Take nothing but the lines from the one with "Umpqua Daytripper Waterproof Medium Fly Box" through the one with "A photograph of Duke Ellington in the 1940s" in the entries below, both ends kept, and return them exactly with pictures left out.

AVAILABLE RECORDS:
=== Section Start ===

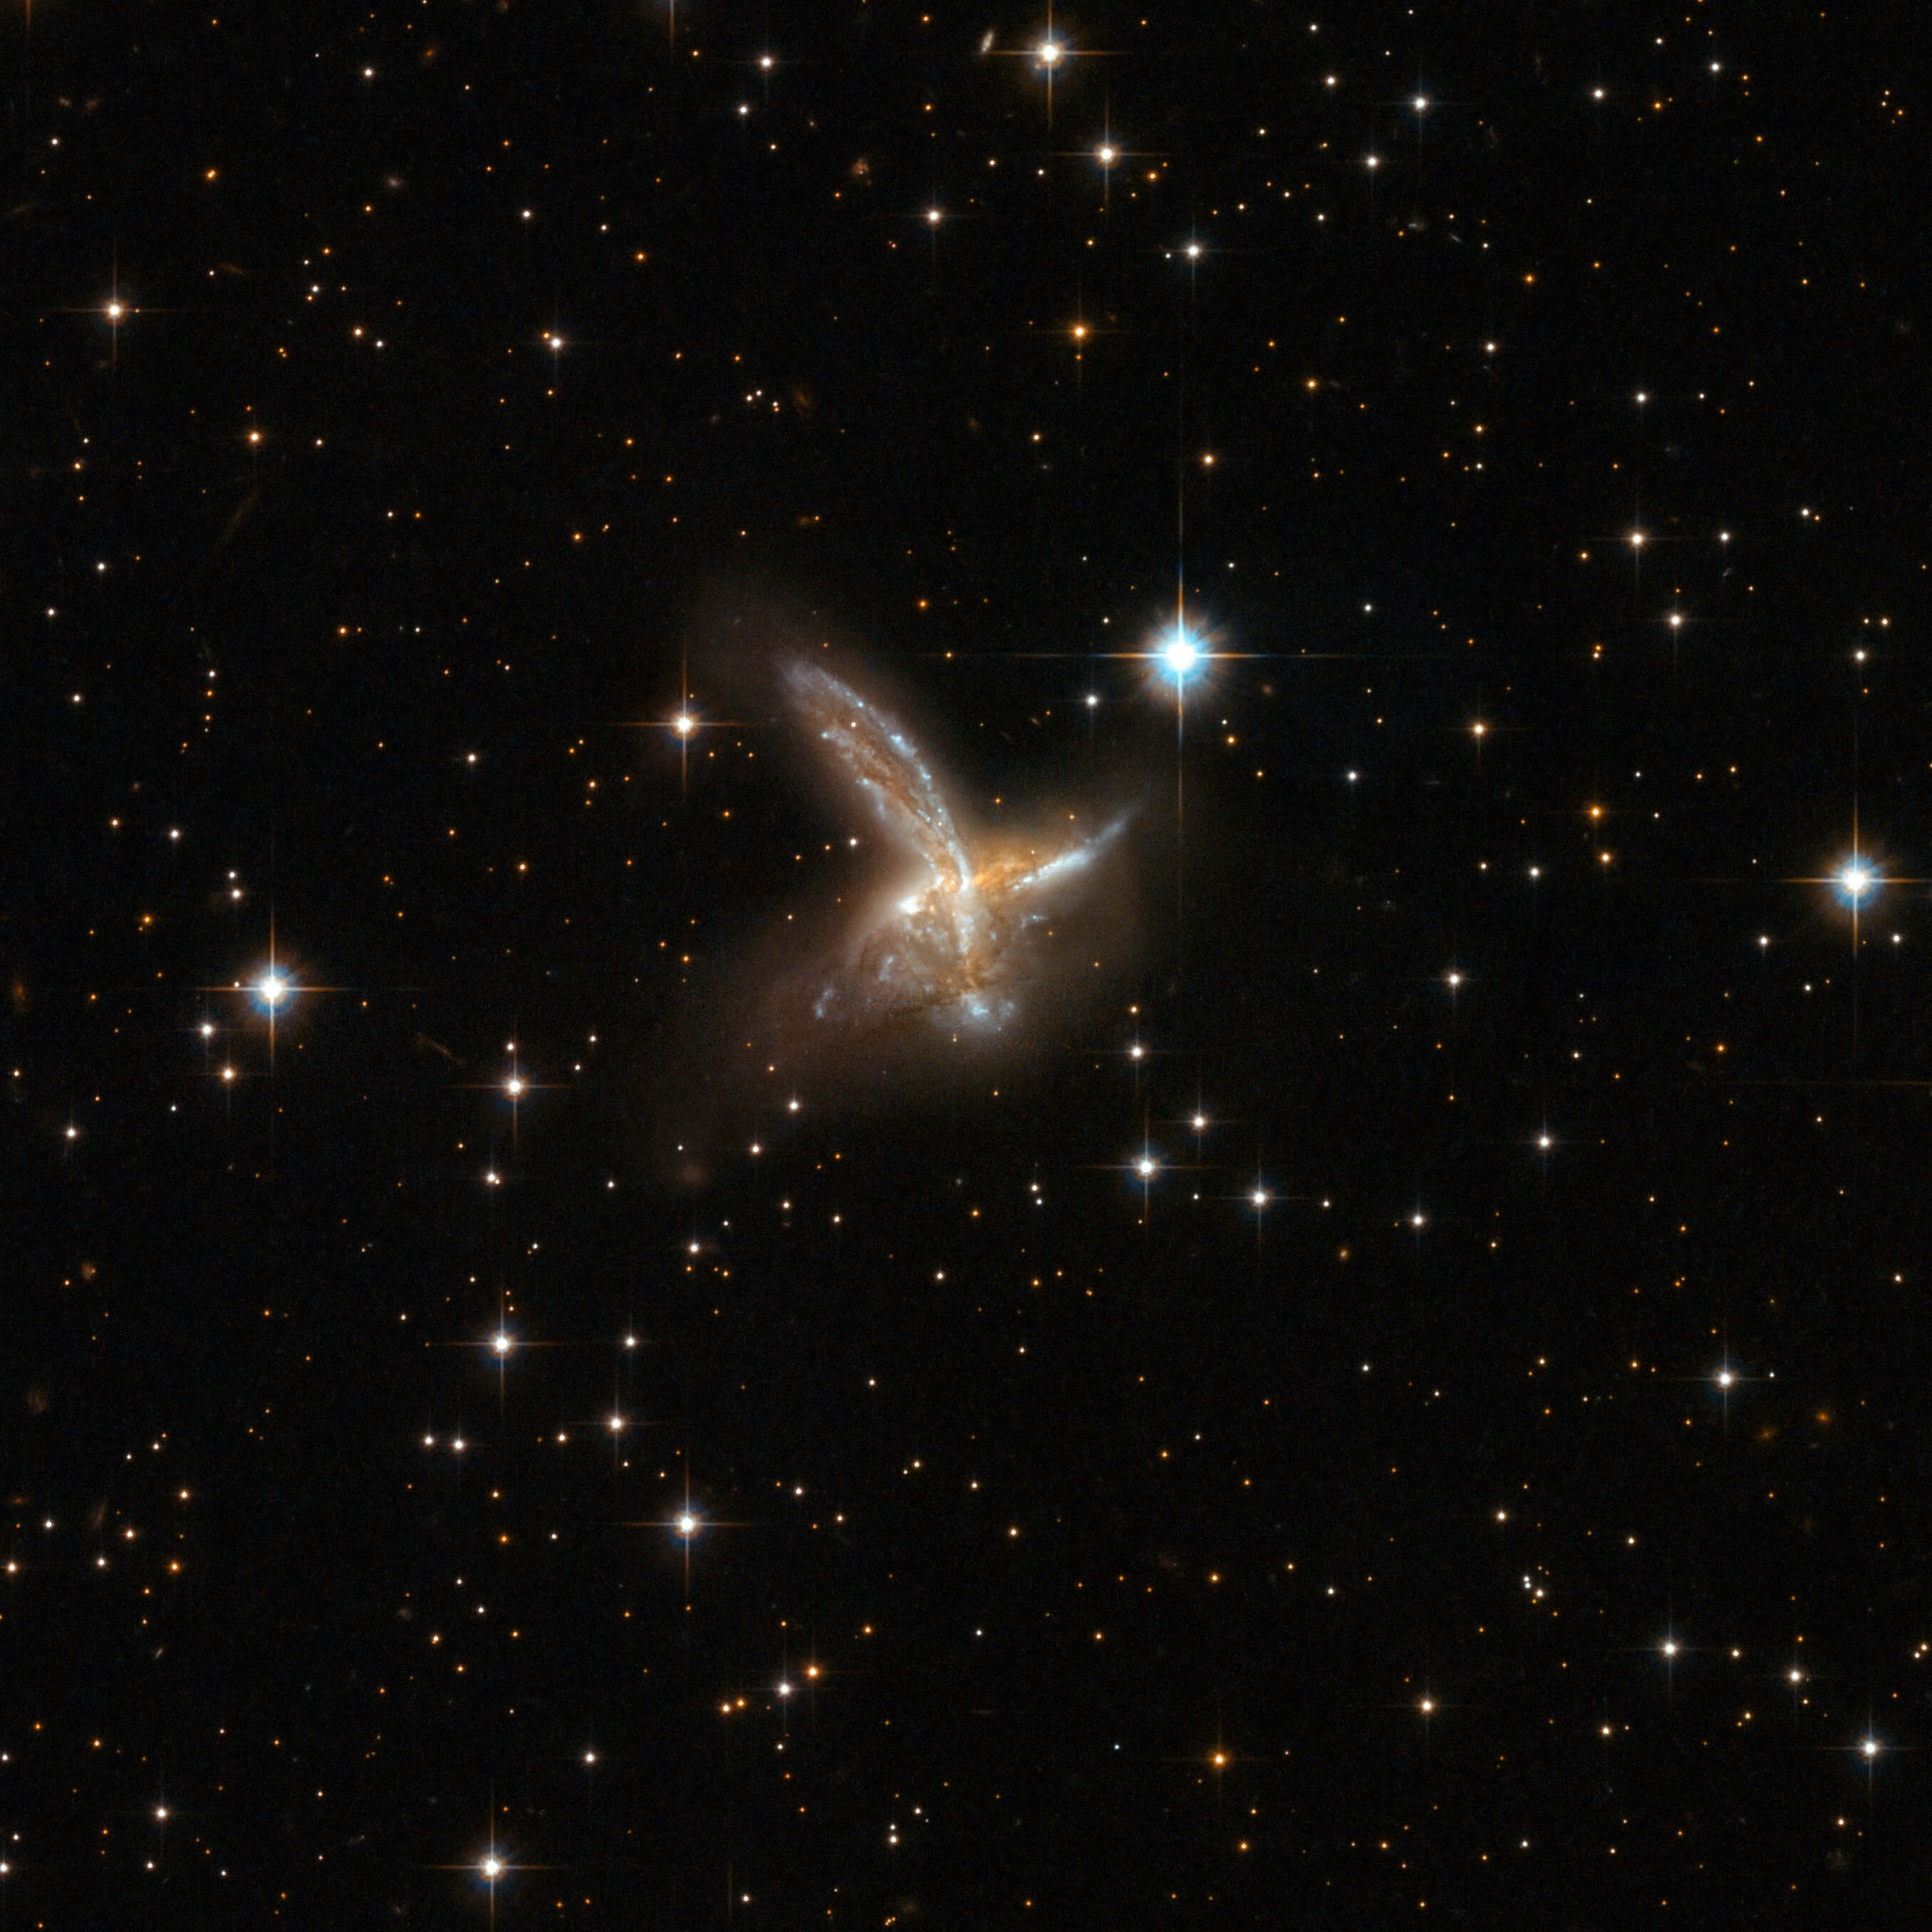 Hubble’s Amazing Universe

=== Section End ===
=== Section Start ===

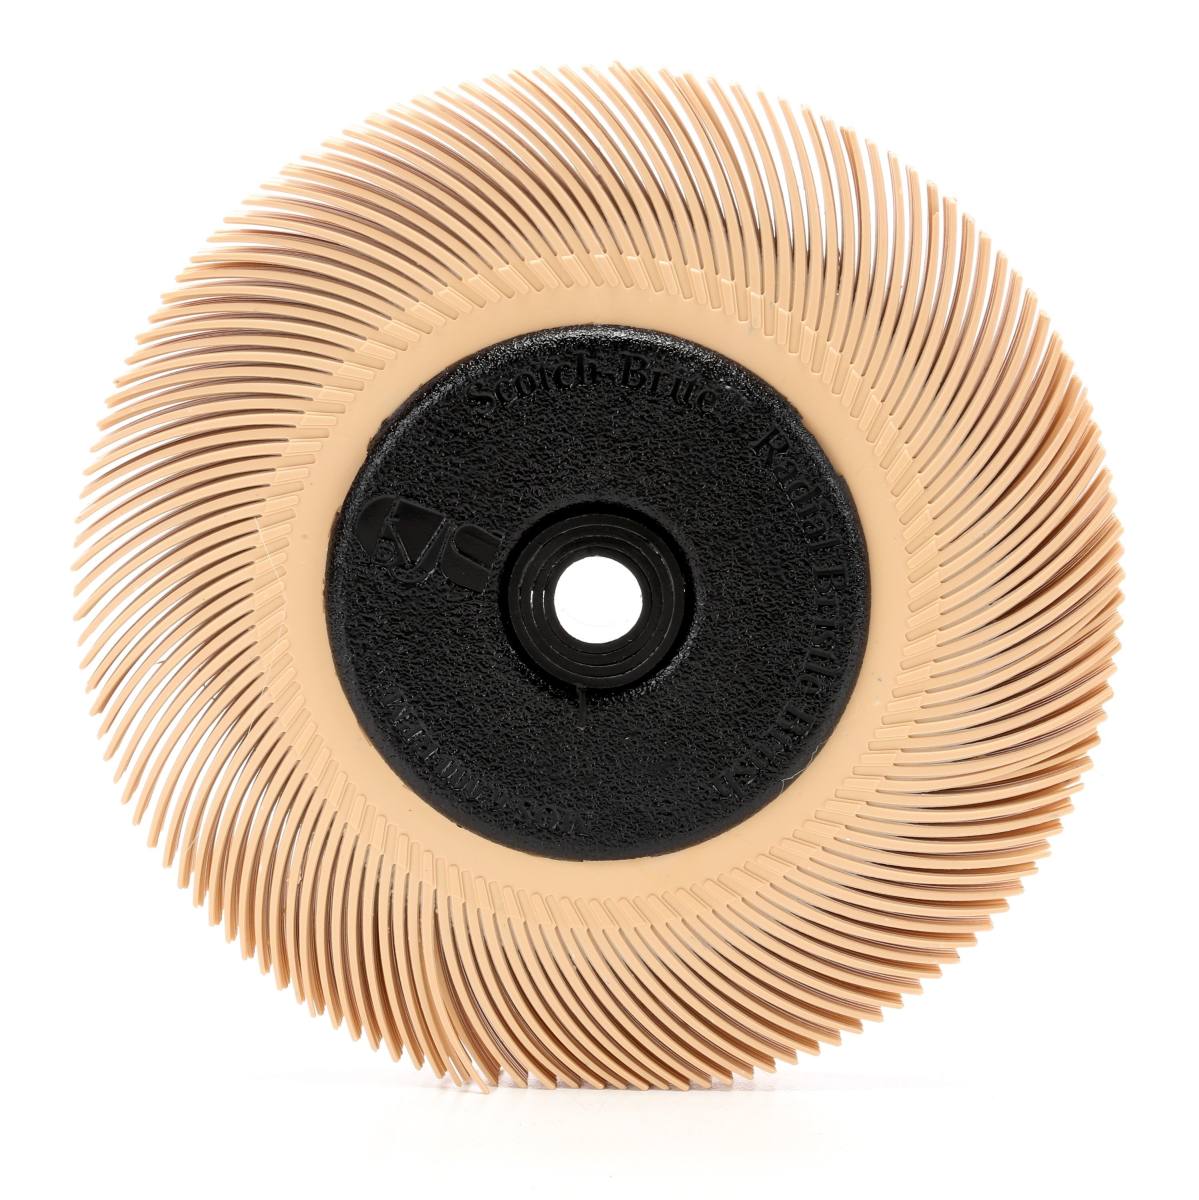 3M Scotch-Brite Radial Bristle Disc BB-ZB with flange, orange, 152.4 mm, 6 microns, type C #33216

=== Section End ===
=== Section Start ===

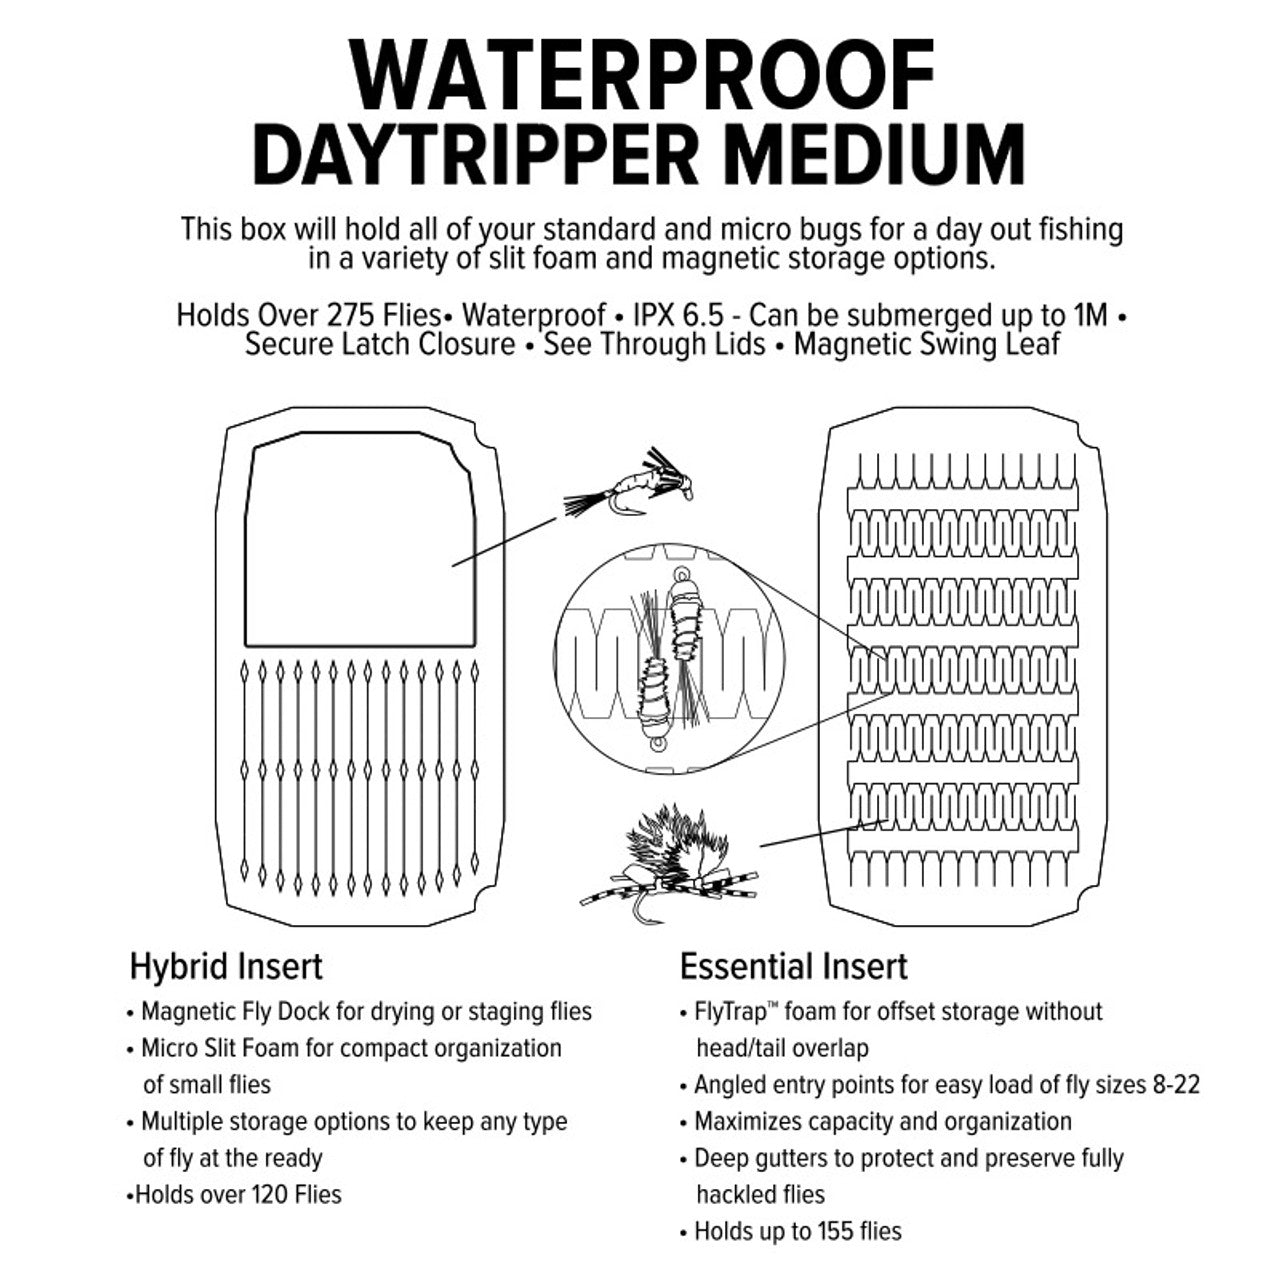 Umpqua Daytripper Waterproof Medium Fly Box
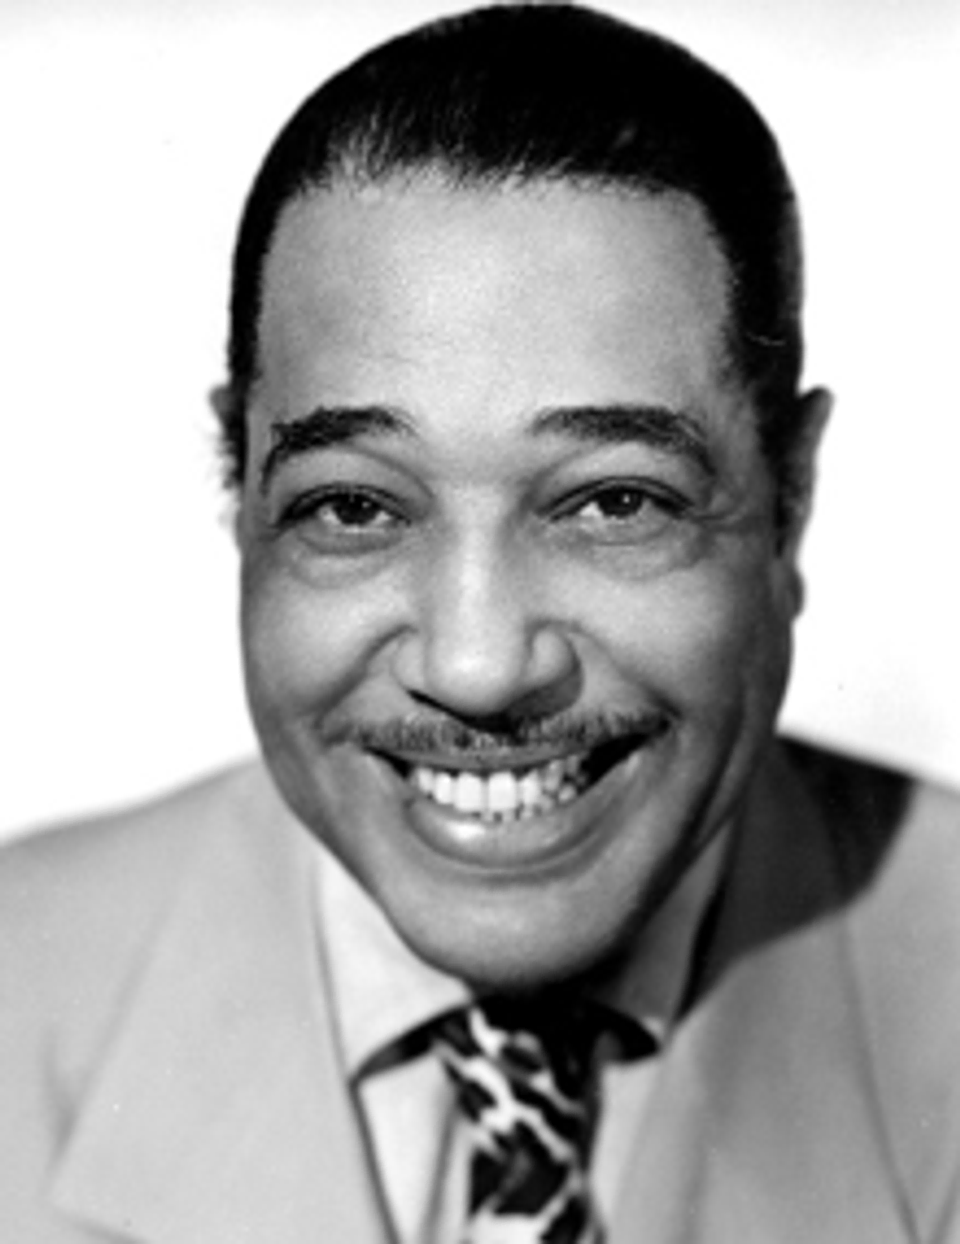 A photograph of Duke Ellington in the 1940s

=== Section End ===

EXERCISE OUTPUT:
 Umpqua Daytripper Waterproof Medium Fly Box
 A photograph of Duke Ellington in the 1940s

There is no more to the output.